Once you’ve built your application, you’ll need to deploy it for others to access. Rather than duplicating the material here, the next chapter (Deploying Data Science Projects) walks through full deployment workflows for Flask, Dash, and Shiny applications on modern platforms like Render, Google Cloud Run, Posit Connect Cloud, and shinyapps.io.

The short version: Flask apps are typically deployed by containerising them with Docker and pushing the image to a platform-as-a-service provider; Shiny apps are most easily deployed via shinyapps.io or Posit Connect Cloud directly from RStudio.

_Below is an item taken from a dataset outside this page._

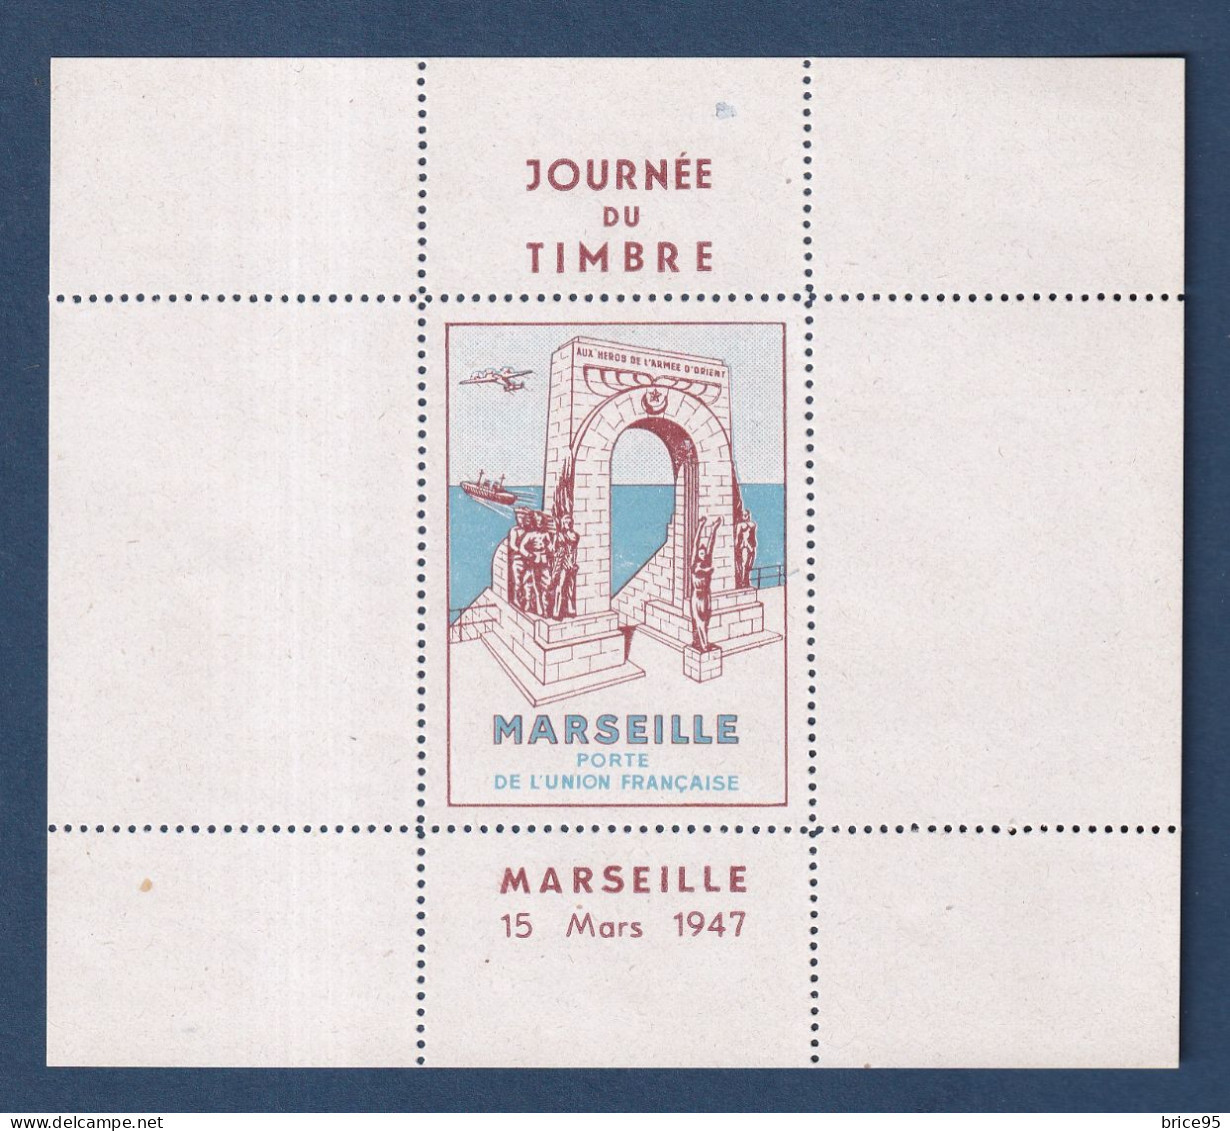 France - Vignette - Journée Du Timbre - Marseille - Porte De L'union Française - Neuf Sans Charnière ** - 15 Mars 1947 - Filatelistische Tentoonstellingen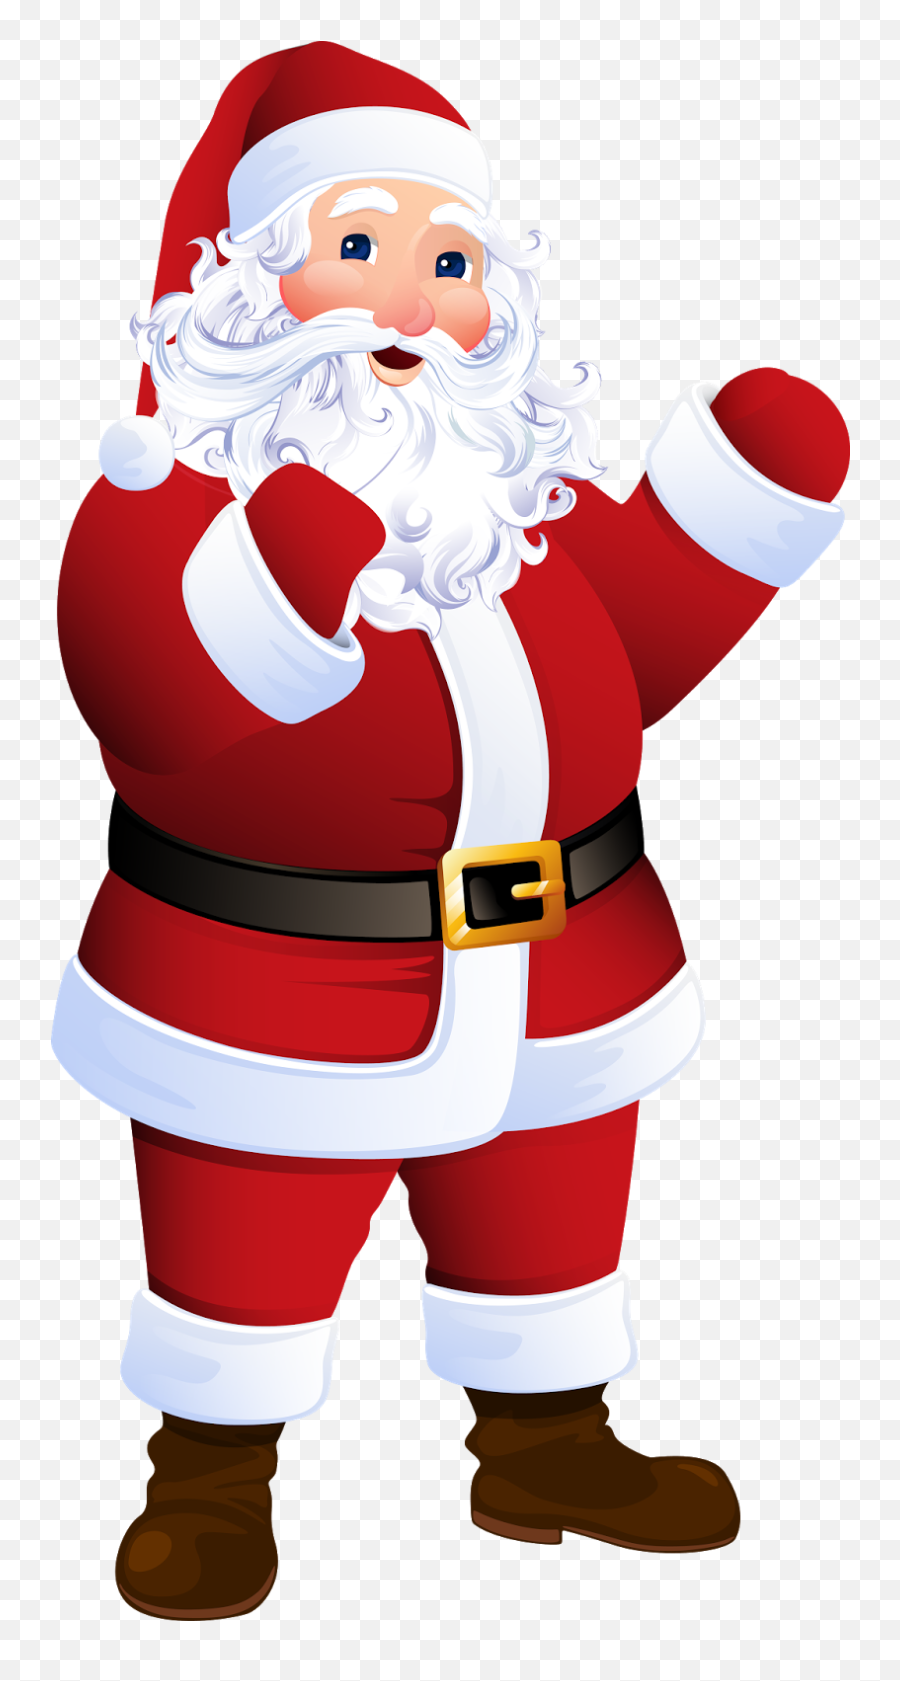 52 Ideias De Natal Desenho De Natal Imagens De Papai Noel Emoji,Santa Claus Emoji Outlook

The best choice depends on your specific needs, including factors like:

  • Expected traffic volume
  • Security requirements
  • Budget constraints
  • Integration with other systems
  • Need for custom domains or SSL

6.2 Conclusion

Web development skills complement your data science toolkit by enabling you to share your work more effectively. A light understanding of HTML, CSS, and JavaScript lets you customise reports and debug rendering issues. The frameworks in this chapter (Shiny, Dash, Streamlit, and Flask) abstract away most of the rest so you can focus on the analysis rather than the plumbing.

The ability to put an interactive application in front of a stakeholder is what turns a clever notebook into something the business actually uses. In the next chapter, we’ll explore deployment in more depth, covering various platforms and strategies for making your applications accessible to stakeholders.